The vote came during a closed-door meeting by Republicans and became public Monday. After a major public outcry, Republican lawmakers changed course Tuesday and announced they scrapped plans to remove the functions from Office of Congressional Ethics.

Politico reported that Pearce was one of those who supported removing many key functions of the independent OCE, including its ability to refer allegations to law enforcement. The now-dead proposal sought to send give more power to the House Ethics Committee, which is made up of members of Congress.

From Politico:

Reps. Sam Graves (R-Mo.) and Steve Pearce (R-N.M.) also vocally supported the amendment. They or their staff had come under OCE’s microscope.

A spokesman for Pearce said he had not spoken with the congressman about his vote.

“What is known, he has stated publicly his concerns over OCE’s process and has sought amendments in previous years that would maintain a high level of ethics in the House and ensure an individual’s protections under the Constitution,” Todd Willens told NM Political Report in an email.




In the past, Pearce has pushed to defund the OCE. The office had a budget of around $1 million.

Pearce had an issue with OCE after the office looked into allegations against one of his junior staffers. Those charges were eventually dropped.

“You can imagine, you’re just a junior staffer and you’re suddenly called up by people saying you’ve got to start turning over everything … and you can’t use a lawyer and then if you do, you wonder how you’re going to pay for it,” Pearce said to Roll Call in 2015 when he sought to add new language to the rules governing OCE. “That’s just not the position staffers of this Congress should be put in.”

At the time, Pearce sought to add language to rules governing OCE and HEC that the entities “may not take any action that would deny any person any right or protection provided under the Constitution of the United States.”

Willens said that despite the rule change, “The House will hold its members to the highest ethical standards and OCE will continue to operate independently to provide public accountability to Congress” and that “The OCE will continue to take in complaints of wrongdoing from the public.”

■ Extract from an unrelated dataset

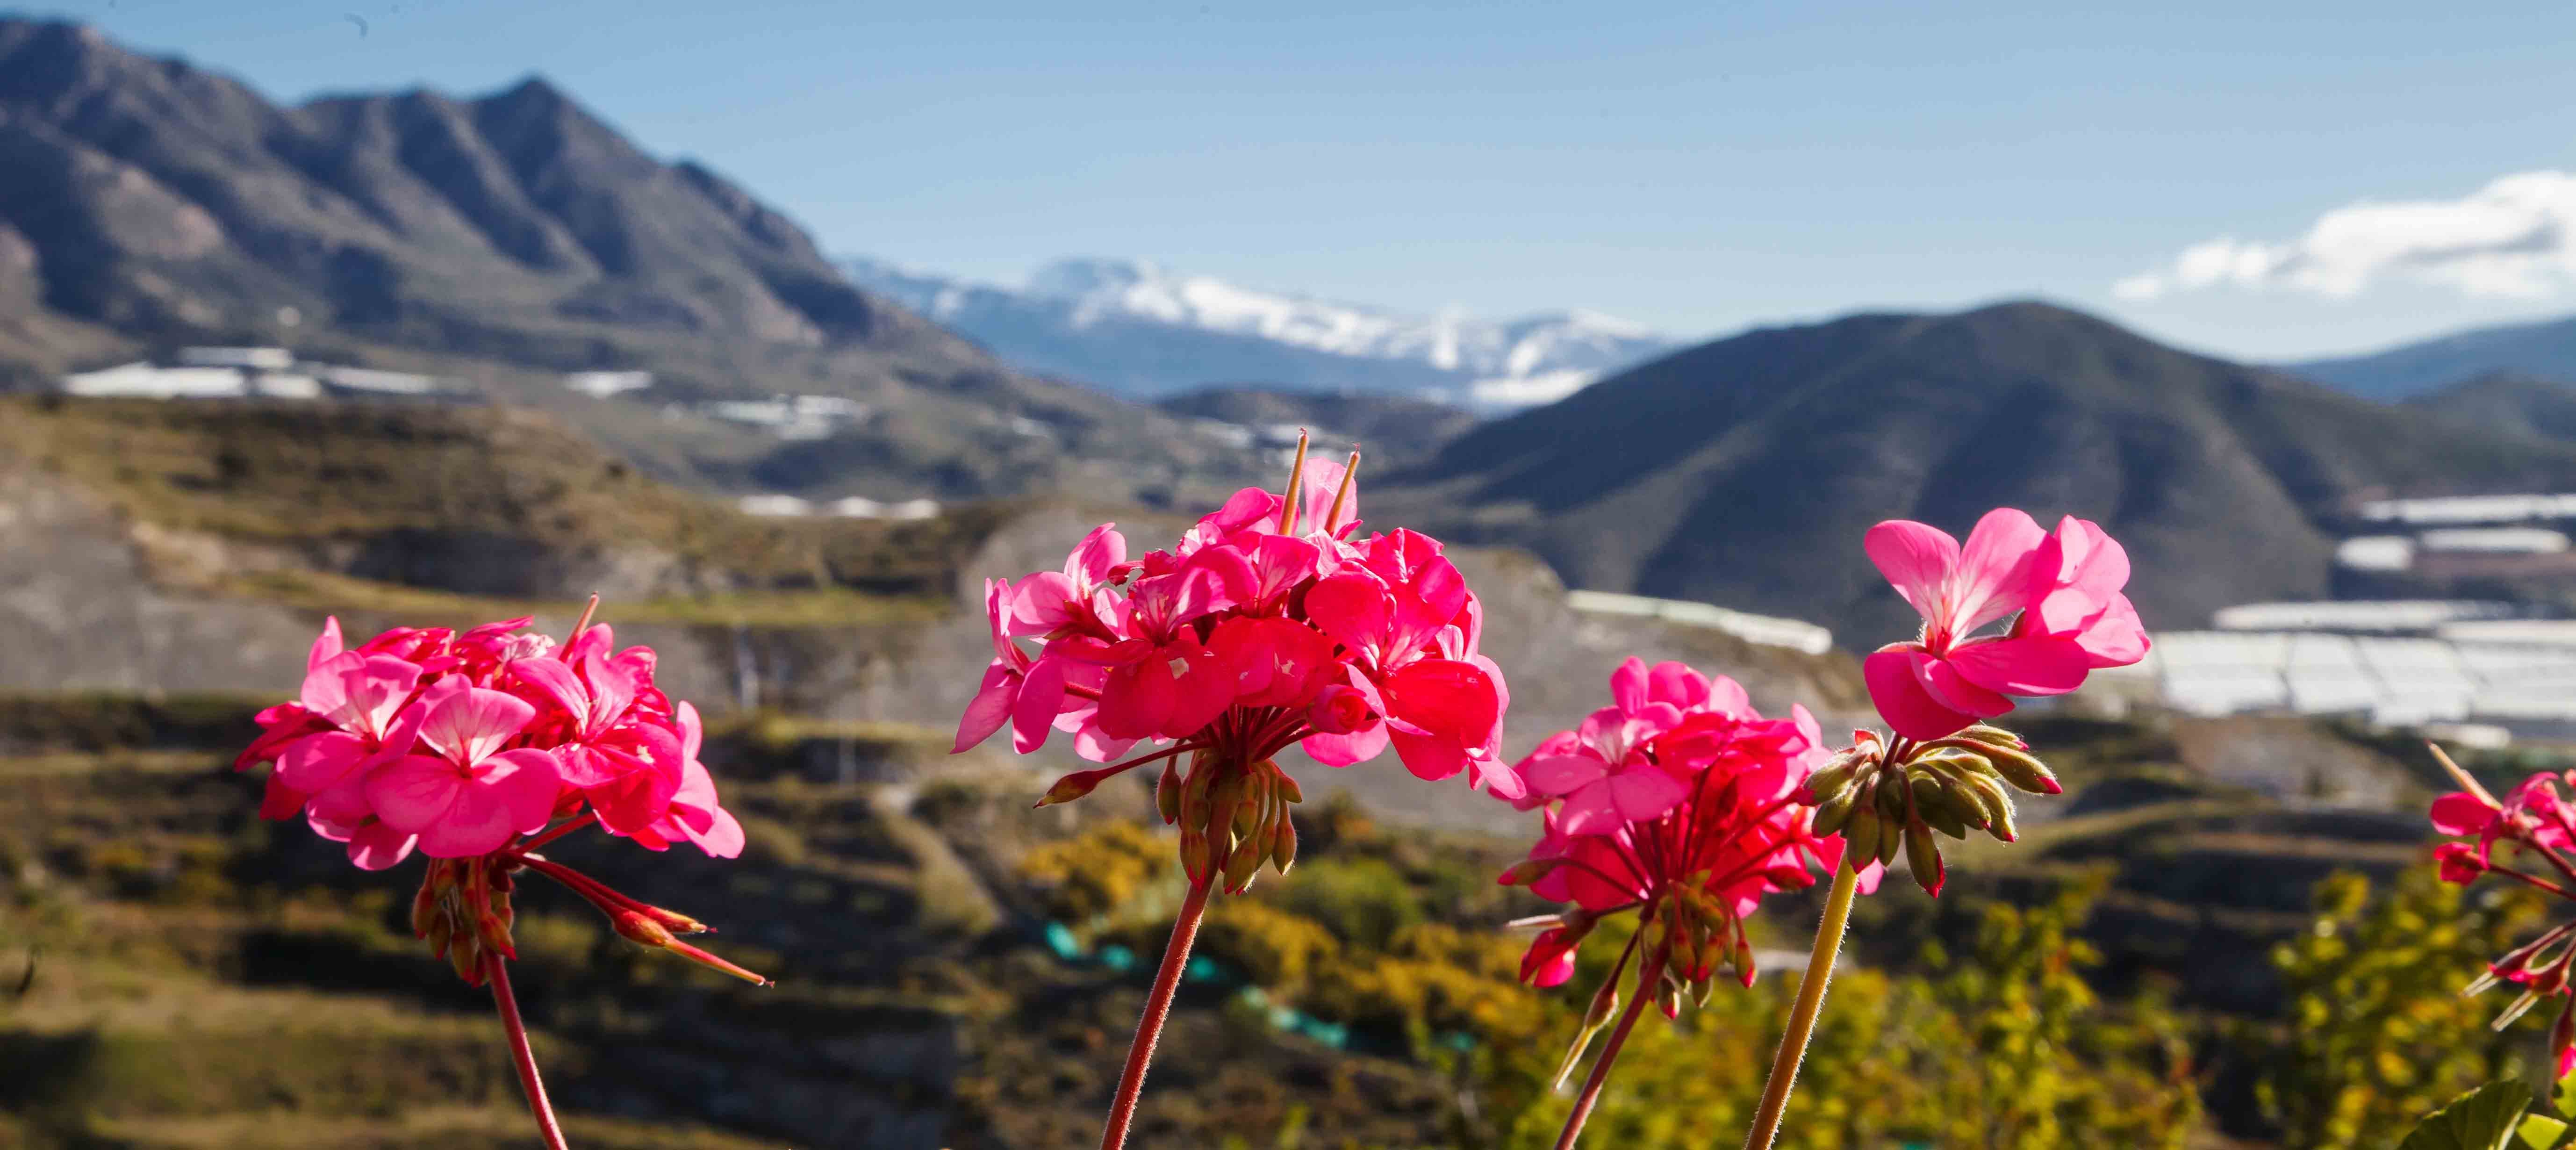 Plantevækst i Salobrena-bjergene, Spanien

Rep. Michelle Lujan Grisham, a Democrat representing the Albuquerque area, had also come under investigation by the OCE last year  because of a trip to Azerbaijan that was secretly paid for by an oil company run by the country.

“The Office of Congressional Ethics concluded, as reported by the news media, that Rep. Lujan Grisham was led to believe the travel was sponsored by a non-profit organization, and not any other source. Rep. Lujan Grisham acted in good faith as she relied on the approval by House Ethics Committee,” Lujan Grisham spokesman Gilbert Gallegos told NM Political Report at the time.

The OCE was created in the wake of the Jack Abramoff scandal, where the lobbyist overbilled Native American casino interests by millions of dollars. U.S. Rep. Bob Ney, R-Ohio, pleaded guilty to charges related to the Abramoff scandal.

Democrats created the OPCE in 2008, when they were in control of the House.